The people of Kasos are very friendly – it gives the impression of being a close knit community where everyone knows each other. You will always be greeted in the street by strangers and even as an outsider made to feel very welcome.
Although you can walk to most villages on foot, the little island bus is a Godsend. The service is now reduced but still operates Monday to Friday, enabling people to get to and from Fri, the port village for shopping up until early afternoon. The man that drives the island bus I noticed, is also the same man that drives the fork lift truck that unloads the cargo from the ferries. He is also the same man who drives the articulated lorries with their either empty or full containers off or onto the ferry.
I really liked staying in a very traditional Kasiot house in Arvanitahori on my first night. I have absolutely loved staying in Mary’s House – the home of my host’s mama. It is also a traditional house with a pretty little courtyard with nothing but the lizards for company. No wifi, no aircon – but who needs it? You treat Mary’s house like it is your own – you empty the trash and you clean the house when needed. If you’re into boutique chic and like your luxuries – maybe this isn’t for you however, it has enabled me to have a truly authentic experience during my time on this little island. I must say a big thank you to my host at Mary’s Homes for showing me your beautiful island – in particular Helitros bay and taking me to the top of the mountain for the festival of Agias Mamas. Be assured I will be back!
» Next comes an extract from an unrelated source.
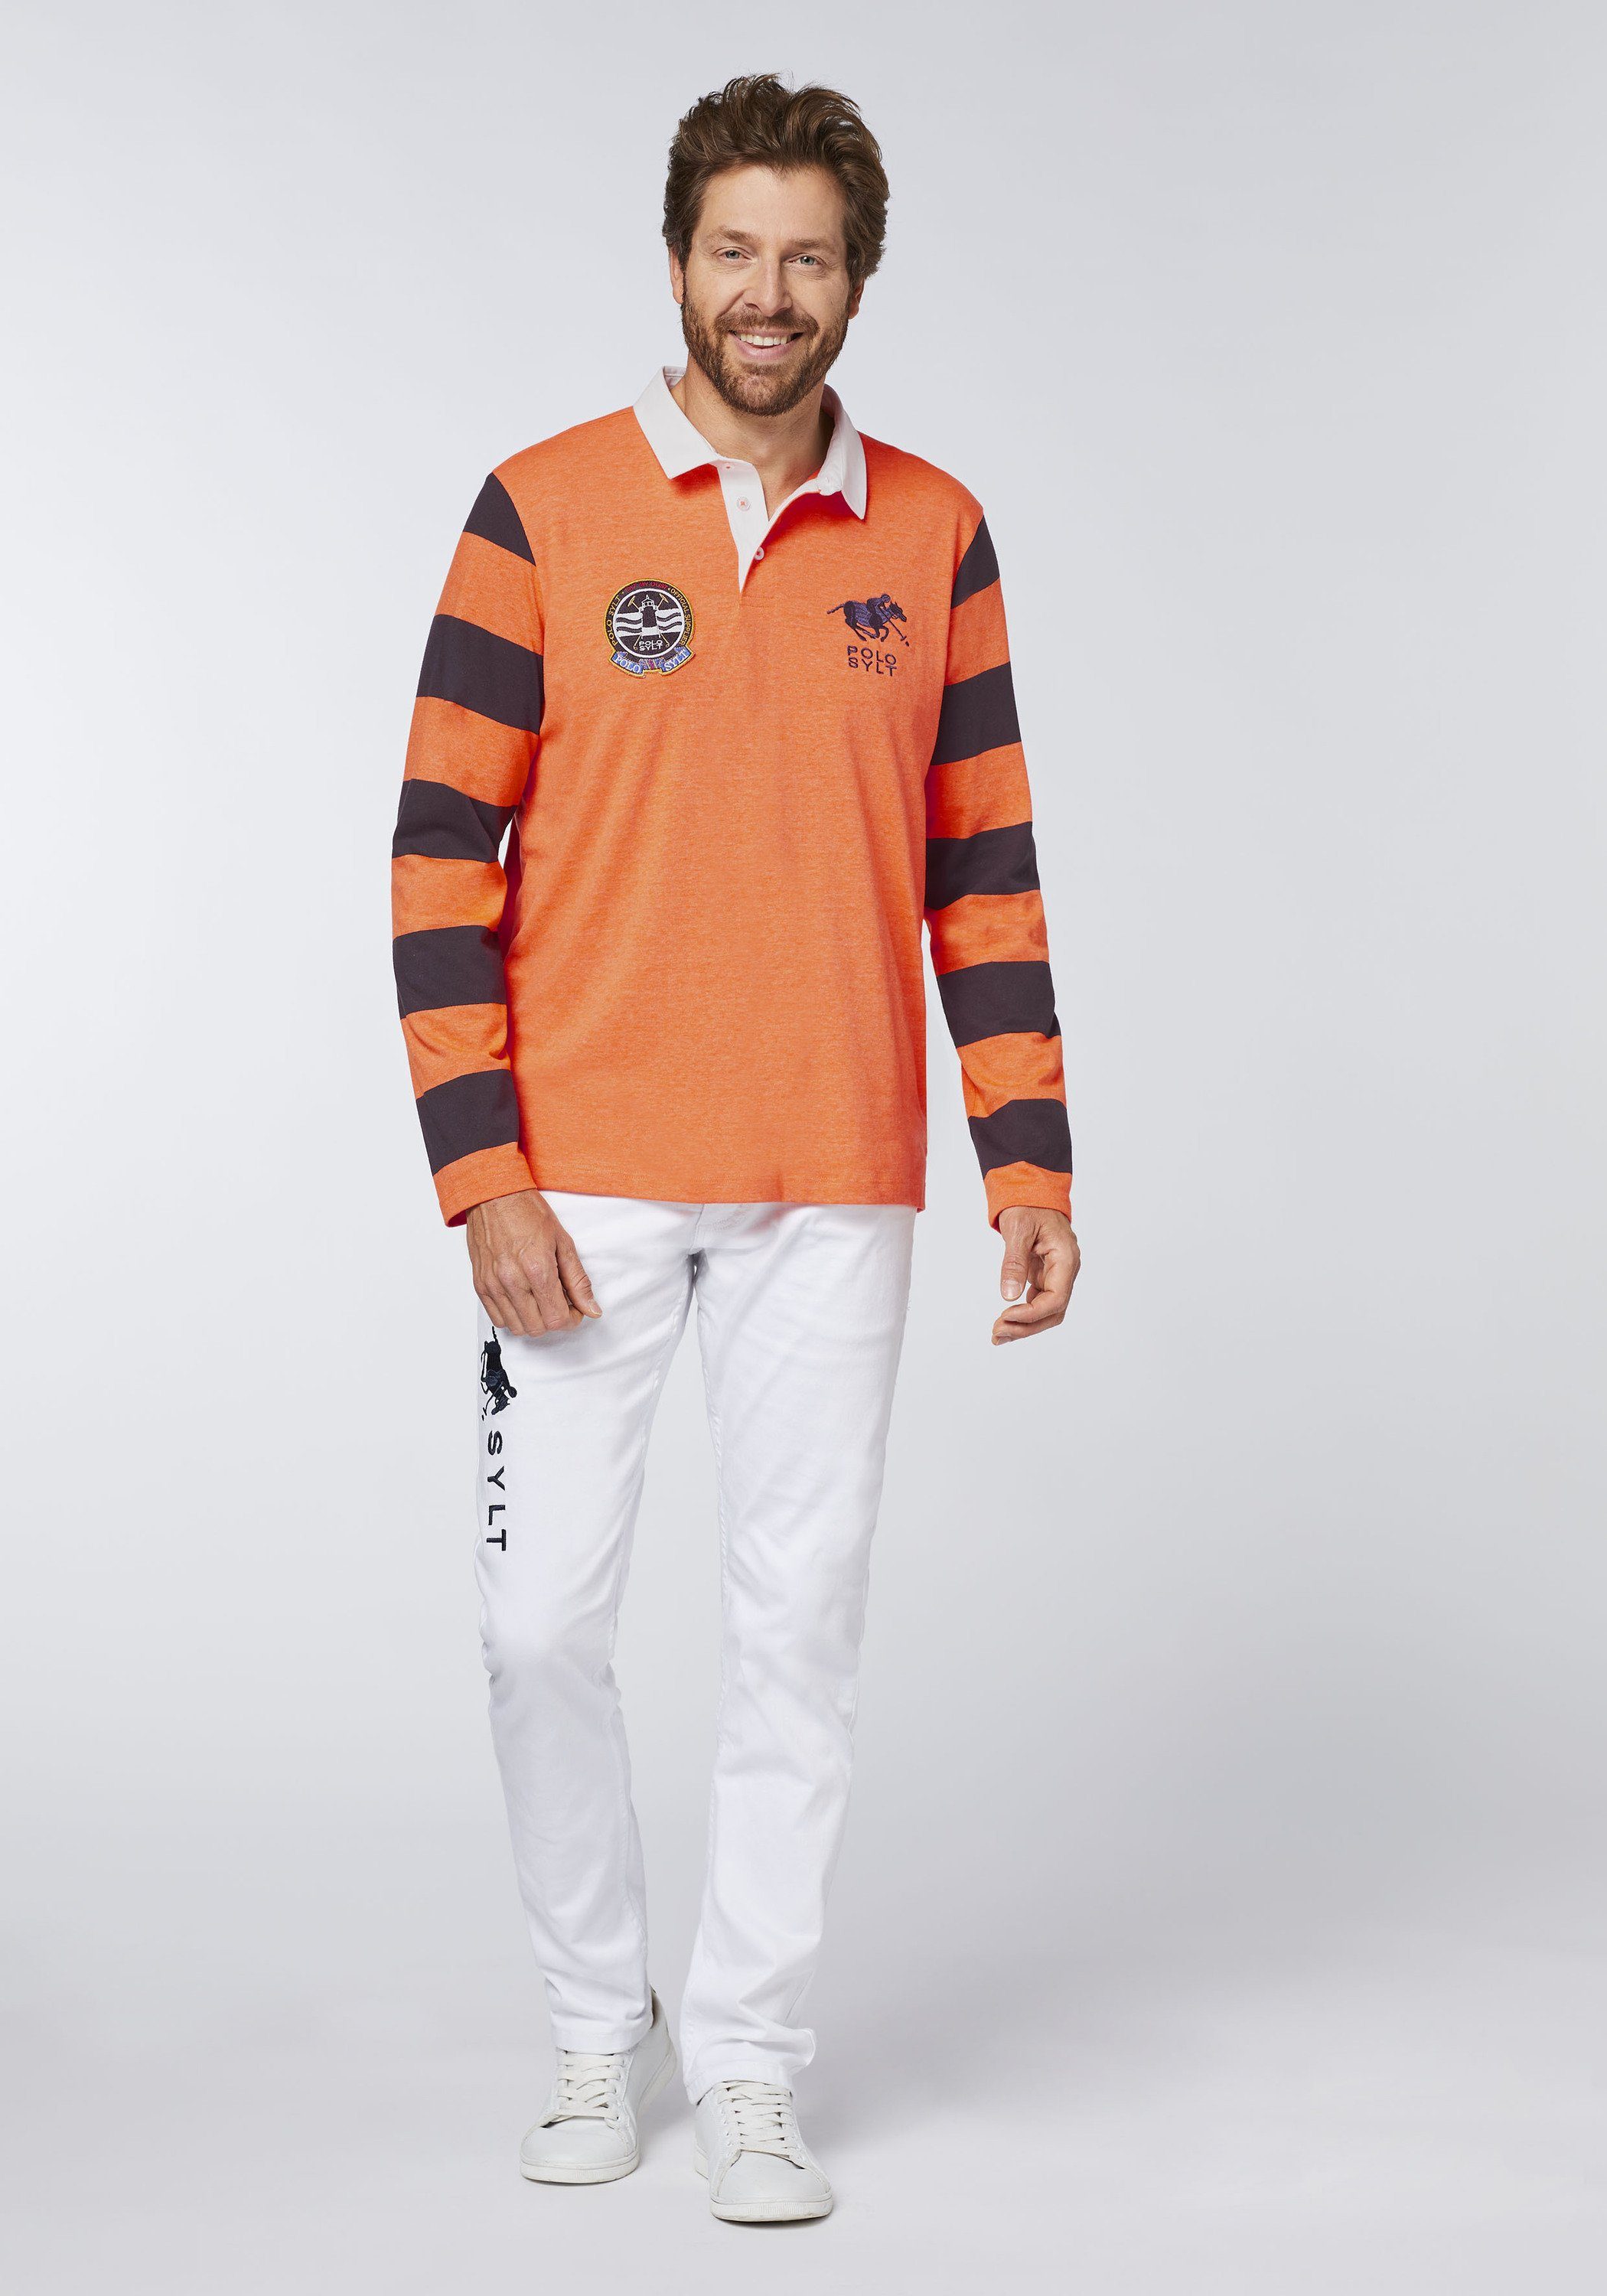 Poloshirt im mit Ärmeln Shocking Orange Sylt Polo 15-1360 Blockstreifendesign langen

A fantastic book was recommended to me that I highly recommend that you read if you plan to come to Kassos – a brilliant book written by Elias Kulukundis called The Feasts of Memory: A Journey to a Greek Island. In it he travels back to the island of his family and discovers the traditions and stories of this unique island. You can buy it here:
My time on Kasos is now at an end. After several timetable and ticket changes I leave on the Prevelis for Karpathos.